Journalists live mostly in two approved state hotels. The Palestine Hotel and the Sheraton, reopened for business when word got out that the more comfortable Al-Rasheid hotel had been labeled a potential bombing target.

Similarly, the press conferences are announced, rescheduled and re-announced in the lobby of the Palestine hotel, the official press center of the Ministry of Information after the ministry's headquarters was bombed by coalition forces on consecutive nights. Press conferences are not mandatory, but if you're in the lobby when one is called to order, a suited ministry bureaucrat will chastise and coo you into a Q&A session with spokespeople or ministry officials whose messages seem to converge on the single mantra of "resistance at all costs."

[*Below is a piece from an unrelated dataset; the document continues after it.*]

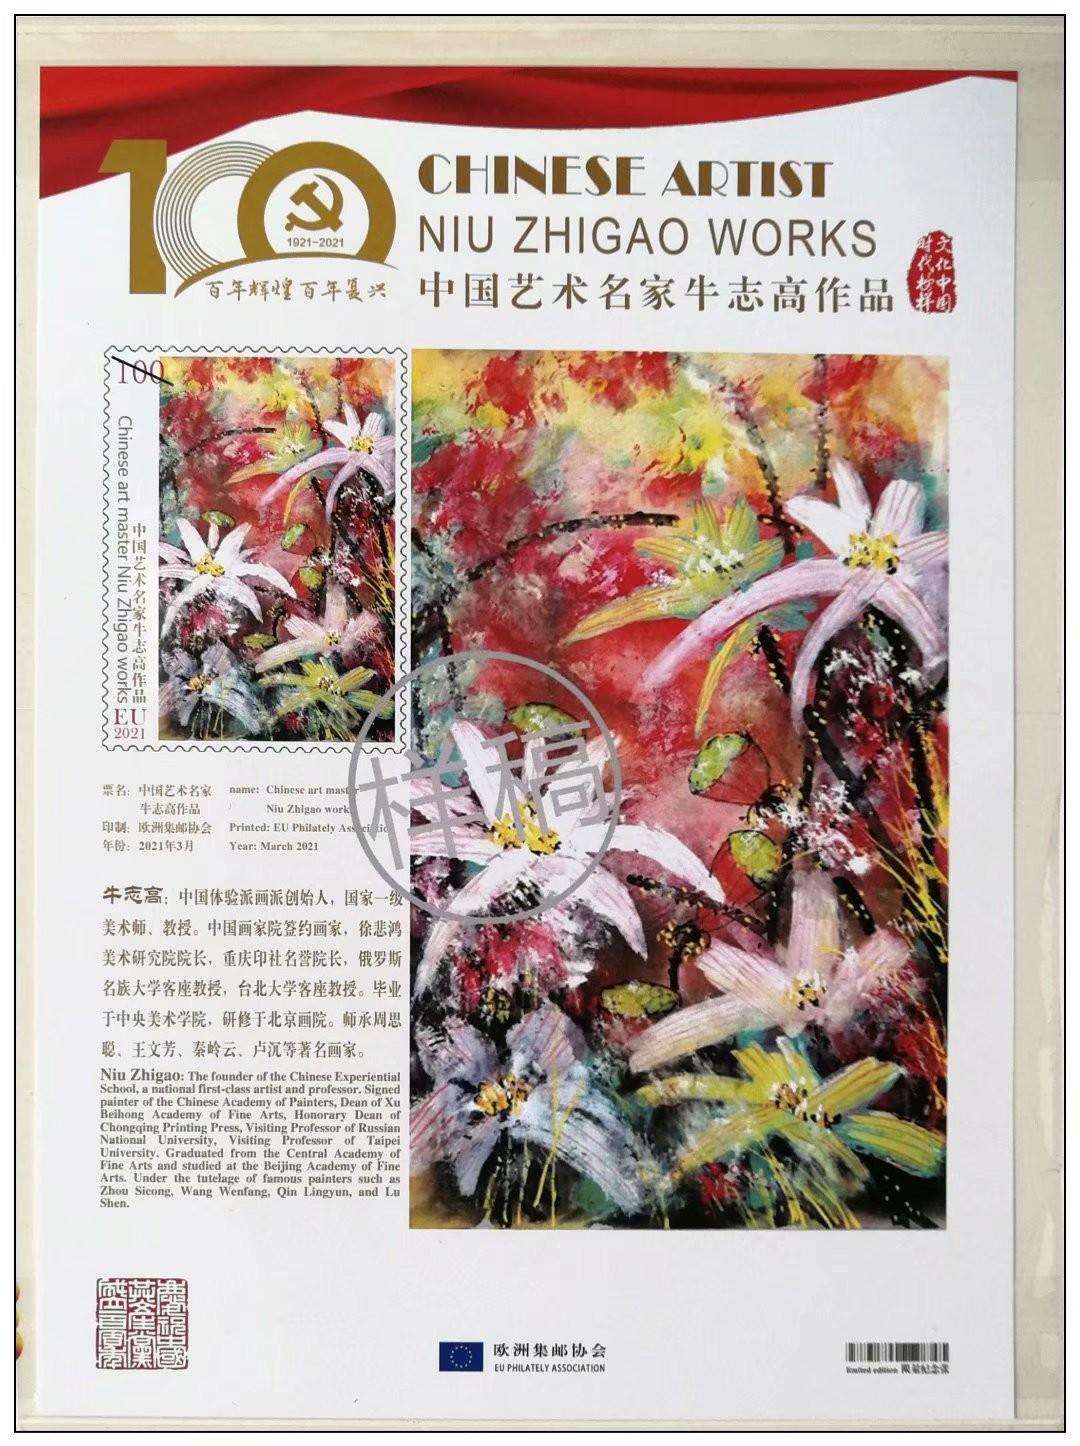 庆祝中国共产党成立100周年---牛志高书画集邮册面世2021.03.15_图1-17

At Al-Yarmouk hospital, one of the several civilian hospitals in Baghdad with major trauma units, Dr. Hussein Ali, the hospital's director, briefed a delegation of journalists and peace activists from the US-based group Voices in the Wilderness on the growing problems he faces in helping the wounded.

Civilian telephone lines disrupted city-wide by coalitions bombing, and a shortage of ambulance parts create trouble in reaching the injured among Baghdad's poorest and most vulnerable dark outskirts, especially during the pre-dawn hours when bombing tends to be most severe. Night before last, he said, a man came screaming to the front door of the hospital that an ambulance was needed in a southern suburb of Baghdad. It took the man an hour to reach the hospital. "I am a medical professional," Dr. Ali said, "I know what an hour means."

Dr. Ali traveled himself to the site where an extended family was trapped beneath the rubble of their flimsy home that collapsed from a blast during an air-raid in the early hours of the morning. Most severely wounded civilians come from poor neighborhoods in the sprawling suburbs of Baghdad whose residents and defenders will be the first Baghdad residents to lay eyes on the Anglo-American forces. He found 12 members of the family buried beneath the rubble.

By the time he arrived, the only victim alive was a 13-year-old boy whose two badly burned arms had to be amputated to save him. "War wounds are always multiple wounds," the doctor explained. "It's not as simple as a bullet."